How to get eigenvectors from eigenvalues

Question

I'm not seeing where the eigenvectors are in terms of eigenvalues in the paper that came out recently named "Eigenvectors from Eigenvalues" by the neutrino physicists and Terence Tao:

https://arxiv.org/pdf/1908.03795.pdf

I'm guessing that with as fundamentally groundbreaking as this paper is, some people on here have read it. Please let me know if you know where in the paper the eigenvectors are in terms of eigenvalues.

Edit: To be more specific, I saw the norm squared part, but how do you narrow it down to the actual value of each element of each eigenvector. For any reals, you can just act the transformation on the at most the finite $2^n$ possibilities (unless it has infinite dimensions as can be the case in particle physics), where n is the dimension of the vector. But, what about when the values that the norm square is being taken of are complex? Also, if you can address infinite dimensions, that would be appreciated. Meaning, is there a way to get the elements without testing each combination?

Answer 1

Let me give an example to show how to derive the eigenvectors from eigenvalues. To be specific, we derive the "norm square of coefficients of eigenvectors from eigenvalues" (link).

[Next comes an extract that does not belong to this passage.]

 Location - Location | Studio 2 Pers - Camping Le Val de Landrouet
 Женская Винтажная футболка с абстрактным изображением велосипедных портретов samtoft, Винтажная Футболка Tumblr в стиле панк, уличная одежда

Suppose the matrix A is a diagonal matrix A = diag(1, 2, 3). The eigenvalues for A is 1, 2, and 3. That means $\lambda_1 (A) = 1$, $\lambda_2 (A) = 2$ and $\lambda_3 (A) = 3$.

To find the eigenvector $v_1$ of the first eigenvalue $\lambda_1 (A)$, we need to know the exact values of $v_{1,1}$, $v_{1,2}$ and $v_{1,3}$.

Now use the Lemma2 from the arxiv paper [https://arxiv.org/pdf/1908.03795.pdf].

To solve $v_{1,1}$, $ v_{1,1}^2 (1 - 2) (1 - 3) = (1 - 2) (1 - 3)$, and you know $v_{1,1} = 1$ or $v_{1,1} = -1$. Note, the $(1-2) (1-3)$ on the left is $( \lambda_1 (A) - \lambda_2 (A) ) \cdot ( \lambda_1 (A) - \lambda_3 (A) )$, and the $(1-2) (1-3)$ on the right is $( \lambda_1 (A) - \lambda_{k=1} (M_1) ) \cdot ( \lambda_1 (A) - \lambda_{k=2} (M_1) )$ where $M_1$ is $A$ after deleting the $1$st row and column.

To solve $v_{1,2}$, $ v_{1,2}^2 (1 - 2) (1 - 3) = (1 - 1) (1 - 3) = 0$, and you know $v_{1,2} = 0$.

To solve $v_{1,3}$, $ v_{1,3}^2 (1 - 2) (1 - 3) = (1 - 1) (1 - 2) = 0$, and you know $v_{1,3} = 0$.

Answer 2

By formula $7$ in that paper, they prove that $$ \operatorname{adj}(\lambda_i I_n - A) = \prod_{k\neq i} (\lambda_i - \lambda_k) \operatorname{proj}_{v_i}, $$ where $\operatorname{proj}_{v_i}$ is the orthogonal projection from $\mathbb{C}^n$ onto the complex line $\mathbb{C}v_i$. So assuming $\lambda_i$ to be different from $\lambda_k$, for $k \neq i$, which would be the case for instance if all the eigenvalues are distinct, then this implies that the image of the left-hand side is $\mathbb{C}v_i$. So taking any non-zero column from the left-hand side and normalizing would give you the eigenvector $v_i$, the latter being determined up to a phase factor.

I must admit that, while this does recover the eigenvector $v_i$ (up to a phase factor), it involves not only knowing the eigenvalue $\lambda_i$, but also computing the adjugate on the left-hand side.

This is one way to answer your question. Another way is that one does recover the modulus squared of any element of each eigenvector by knowing not only the eigenvalues of $A$, but also the eigenvalues of each matrix $A_i$, for $1 \leq i \leq n$, where $A_i$ is the $n-1$ by $n-1$ matrix obtained from $A$ by deleting the $i$-th row and $i$-th column from it. Lemma $2$ in that paper does just that, and is (I suppose) the reason for the title of that article.